Select Committee on Home Affairs Fourth Report


50. Objections to identity cards fall broadly into three camps. Some oppose the Government's proposals, or elements such as compulsion to register, outright, on grounds of principle or because they believe the scheme to be unworkable technically. Others do not oppose an identity card scheme in principle, but have significant reservations about the Government's proposals as they stand. Others question whether the Government's scheme is an effective or cost-effective way of tackling the problems it is designed to solve. This section of the report will cover the first group: practical concerns, including issues of cost and effectiveness, and objections to details of the Bill, will be dealt with later.

Concerns of principle

51. Privacy International and Liberty opposed identity cards on constitutional grounds. They argued, firstly, that identity cards would fundamentally change the balance between citizens and the state by imposing a general requirement to prove one's own identity.[35] Shami Chakrabarti, the Director of Liberty, said: "From a constitutional point of view, it is worth noting that there is not a single compulsory identifier in any other common law tradition in the world and that demonstrates the heart of the argument."[36] (We note that the Home Office have disputed the argument that no common law countries have identity cards, pointing within the EU to Cyprus, "a common law jurisdiction which has identity cards which all Cypriot citizens over the age of 12 have to obtain".[37])
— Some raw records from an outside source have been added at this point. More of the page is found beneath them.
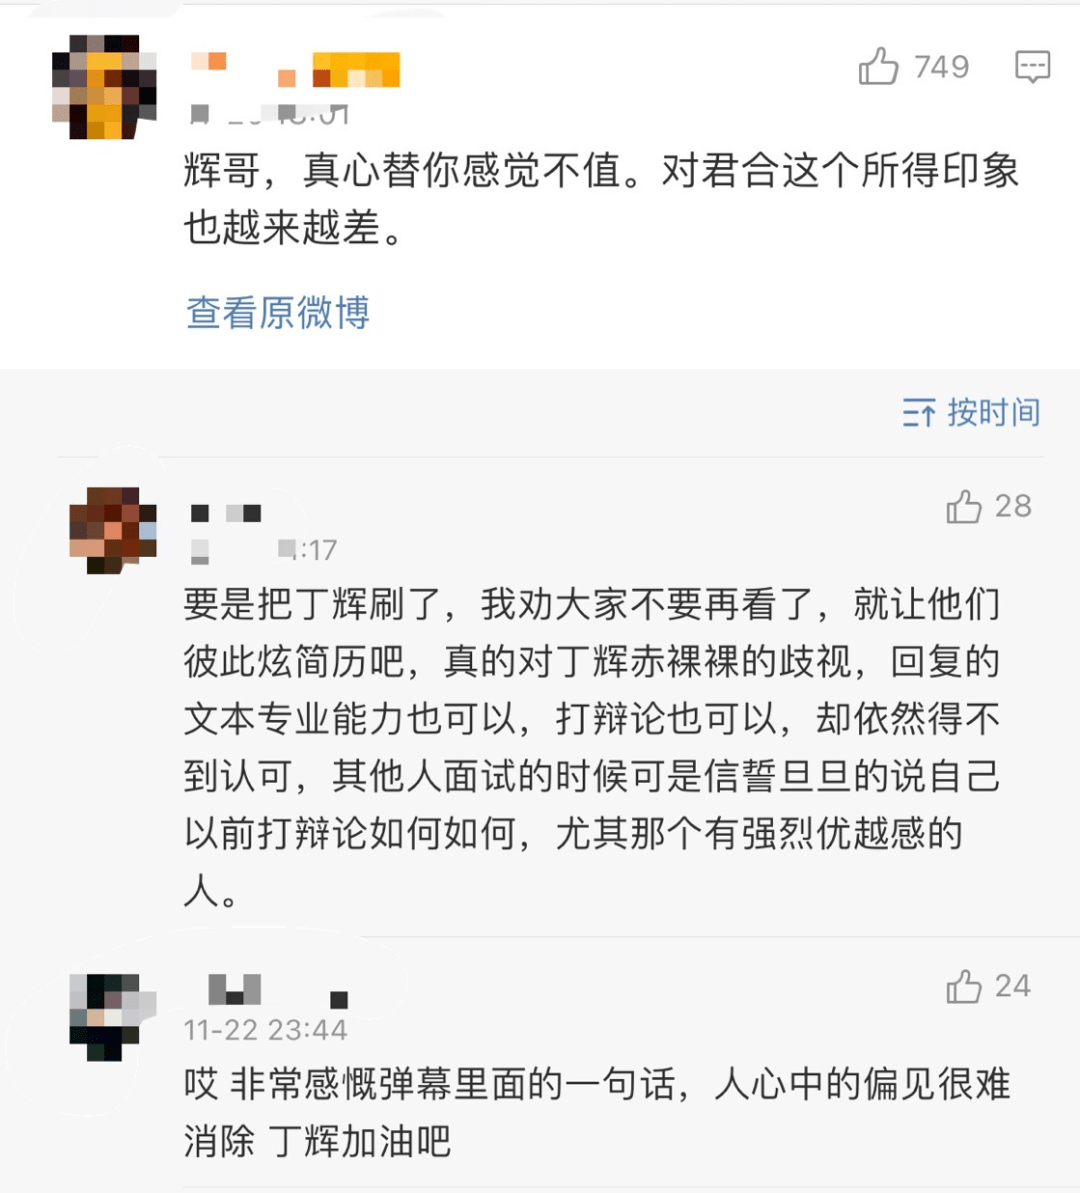 法国两名前特工涉嫌向中国泄露机密被判监禁?外交部回应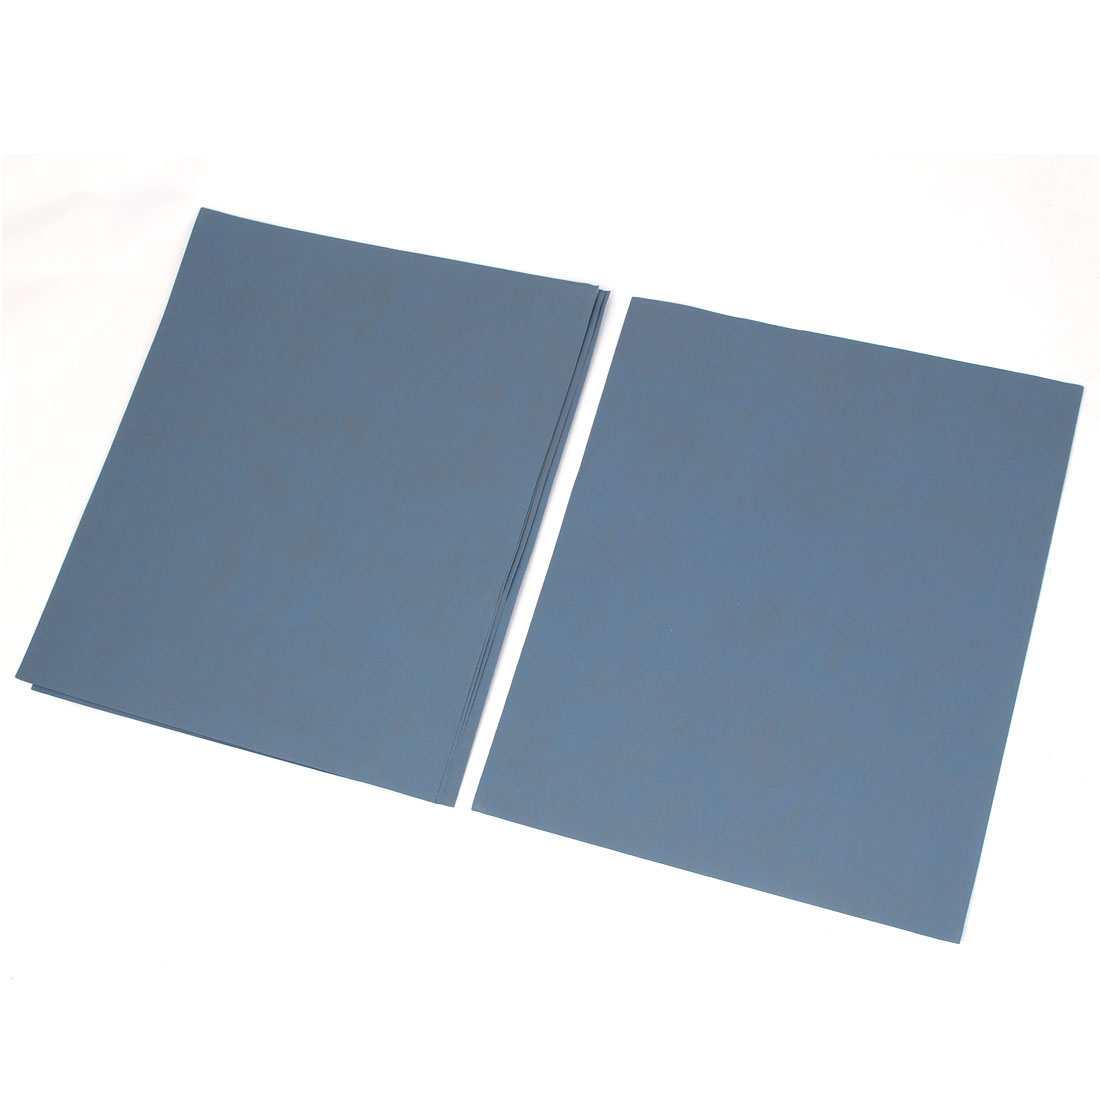 3000 Grit Polishing Dry Square Abrasive Sanding Sandpaper Sheet 5 Pcs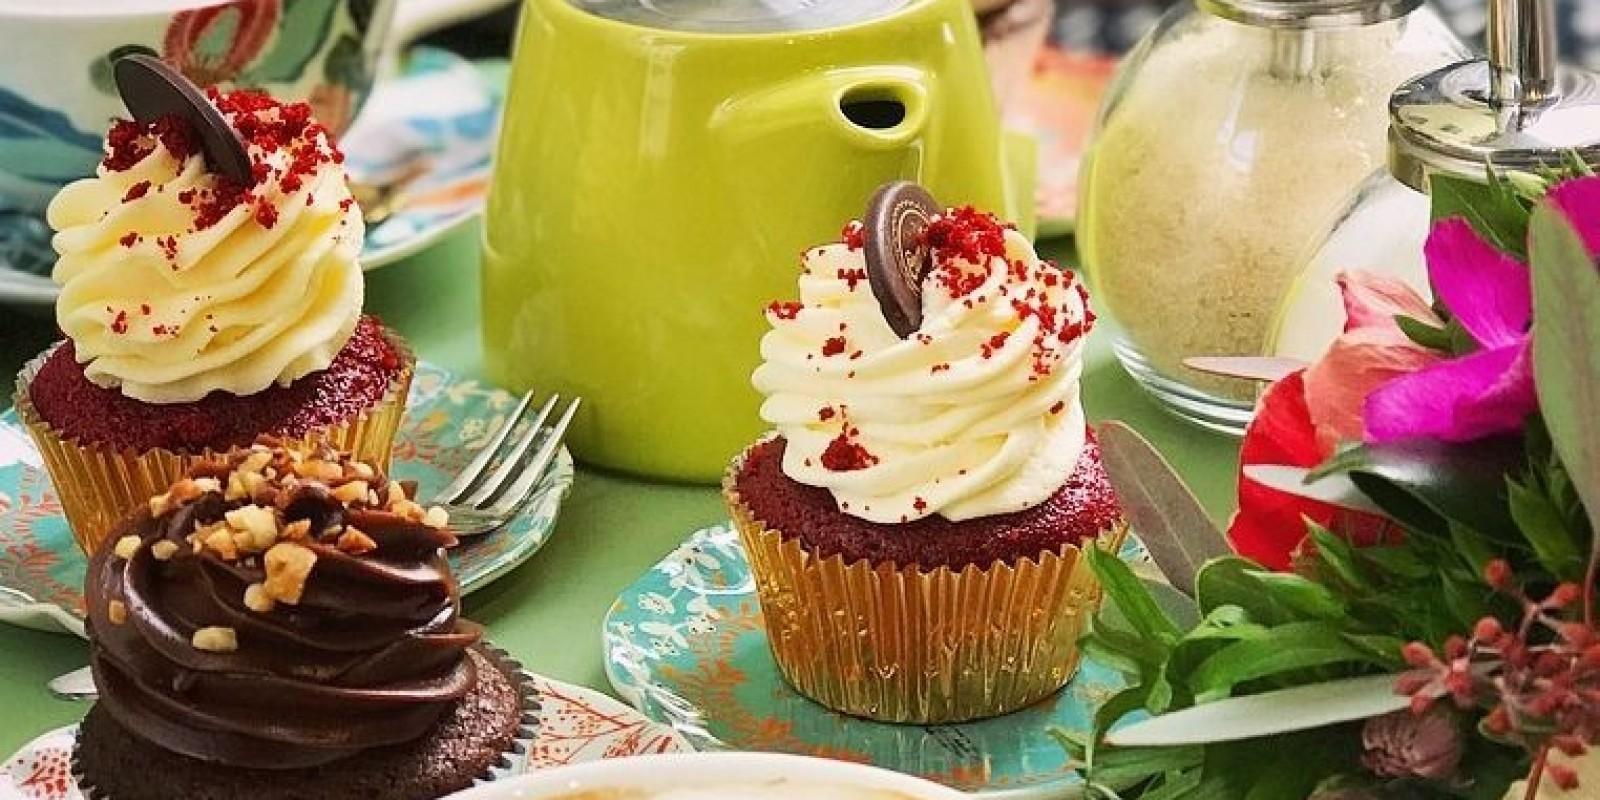 Articoli per dolci treviso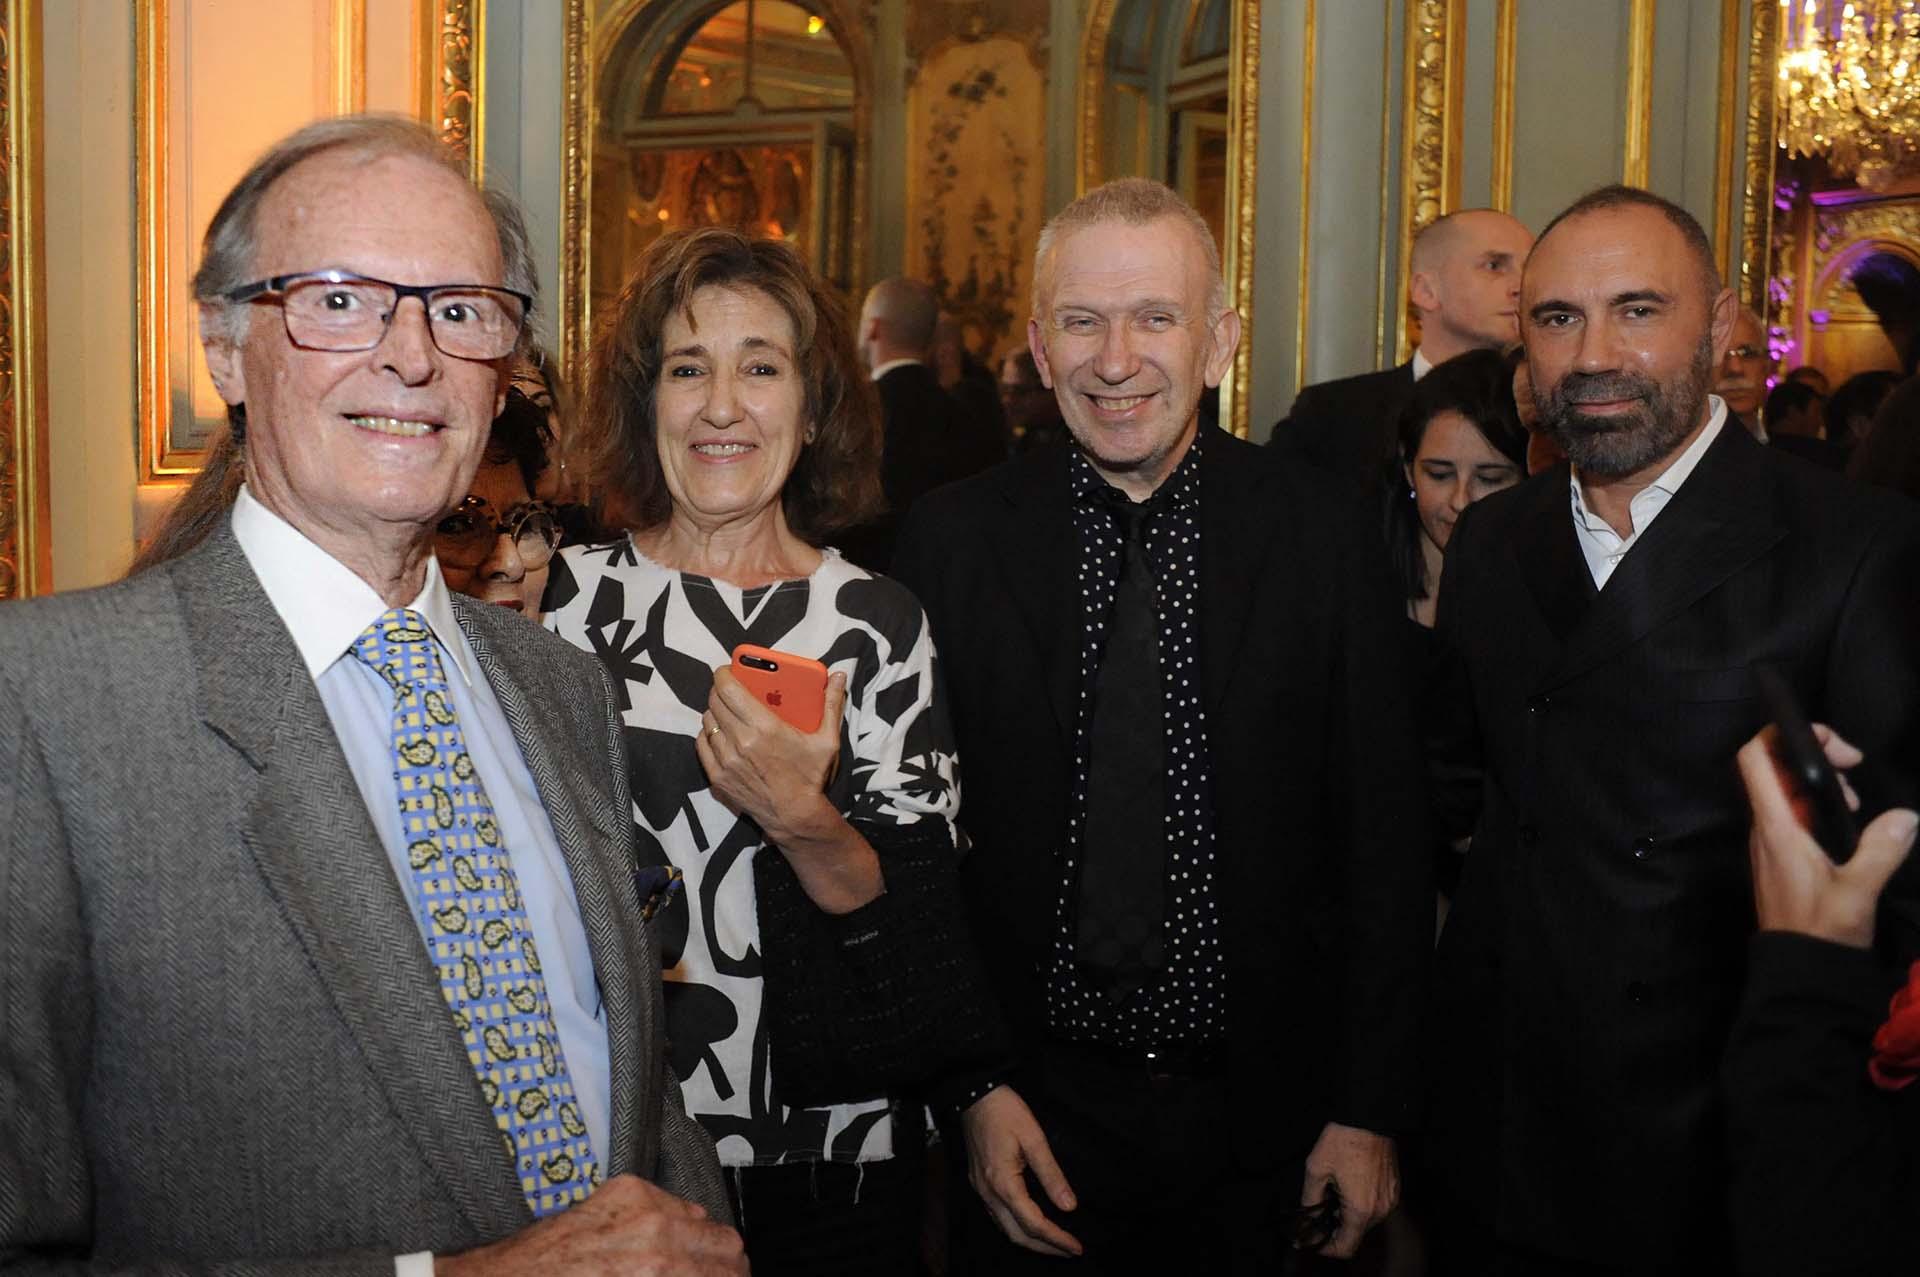 La presencia de Jean Paul Gaultier en Argentina es resultado de gestiones realizadas por la Embajada de Francia, el Institut Français d'Argentine, la Maison Jean Paul Gaultier, el Sistema Federal de Medios y el Museo de Bellas Artes de Montréal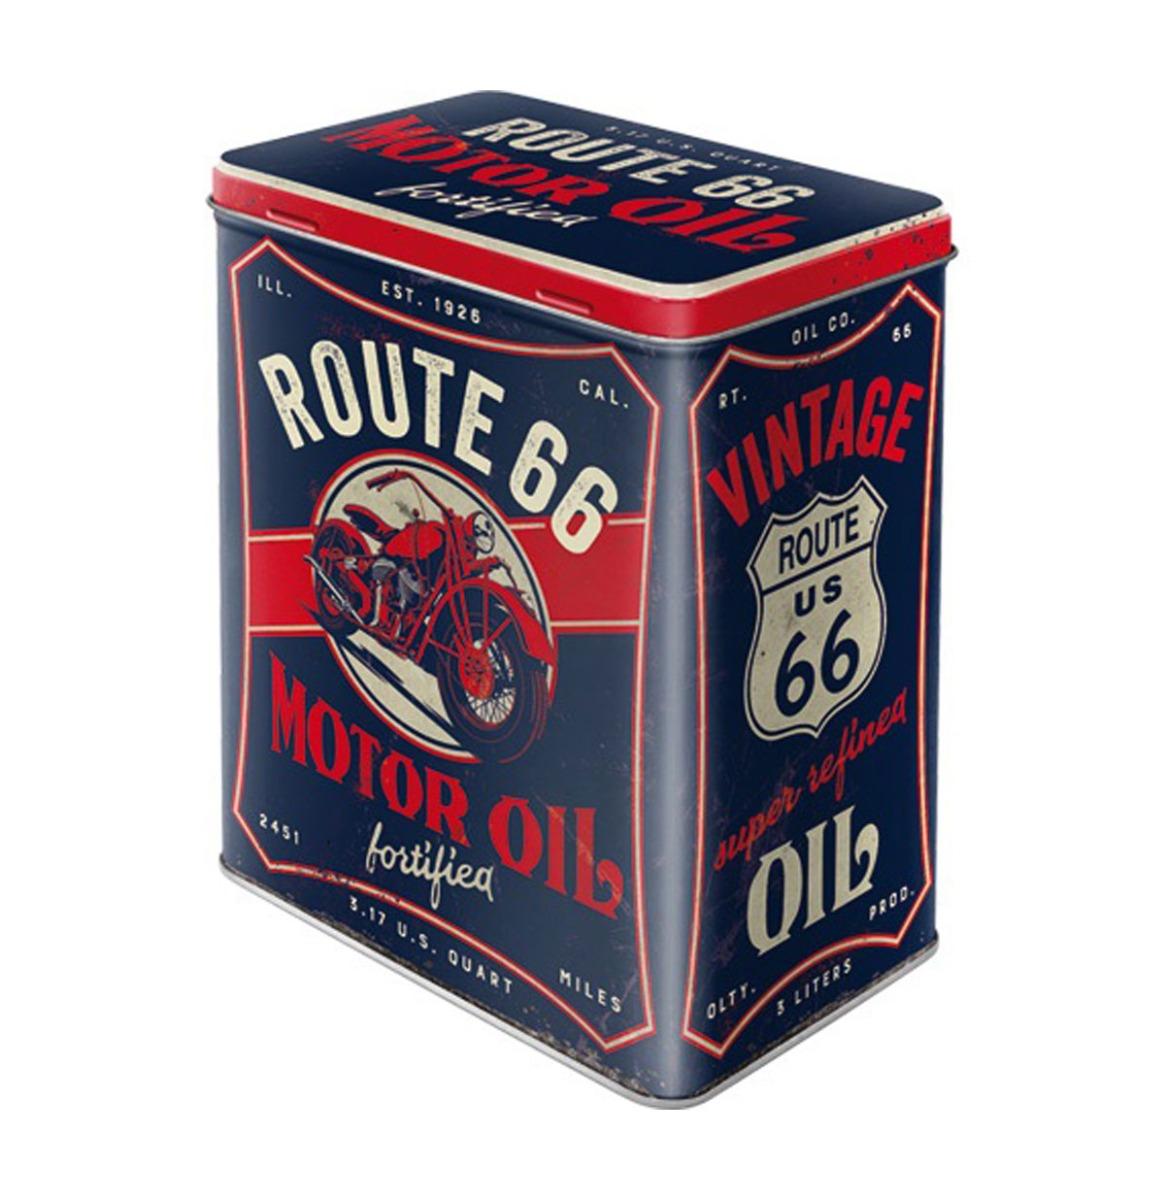 Tinnen blik Route 66 Motor Oil

52. Secondly, it was argued that there would be a new requirement to register information, including sensitive personal biometric data, with the state. This is a significant new obligation on the individual citizen which will be intrusive in operation.

53. Thirdly, while it might be acceptable to have to demonstrate identity, and hence entitlement, to specific services for specific purposes, the imposition by the state of a single system of identification which had to be used for a wide variety of different purposes—rather than the current reliance on different forms of identification for different purposes—was a significant change in the obligation placed on individuals and the relationship they have with public and private bodies.

54. Fourthly, because in principle information about individuals should be held only for particular purposes, there were currently proper limits on the proper sharing of data between public bodies. To the extent that an identity card system required wider sharing of information between different bodies and organisations, the privacy of individuals would be reduced.

55. Simon Davies, the Director of Privacy International, argued that the Government's proposals would be in breach of the European Convention on Human Rights (ECHR) since the concept of privacy intrusion was culturally relative and the current proposal would fundamentally change the nature of privacy in the United Kingdom without overriding justification.[38] Liberty, however, took the view that while the European Court on Human Rights might not find any difficulty with identity cards, since the majority of European countries had them, courts in the UK would have to take a stricter approach to Article 8 of the ECHR, which covers the right to respect for family and private life.[39]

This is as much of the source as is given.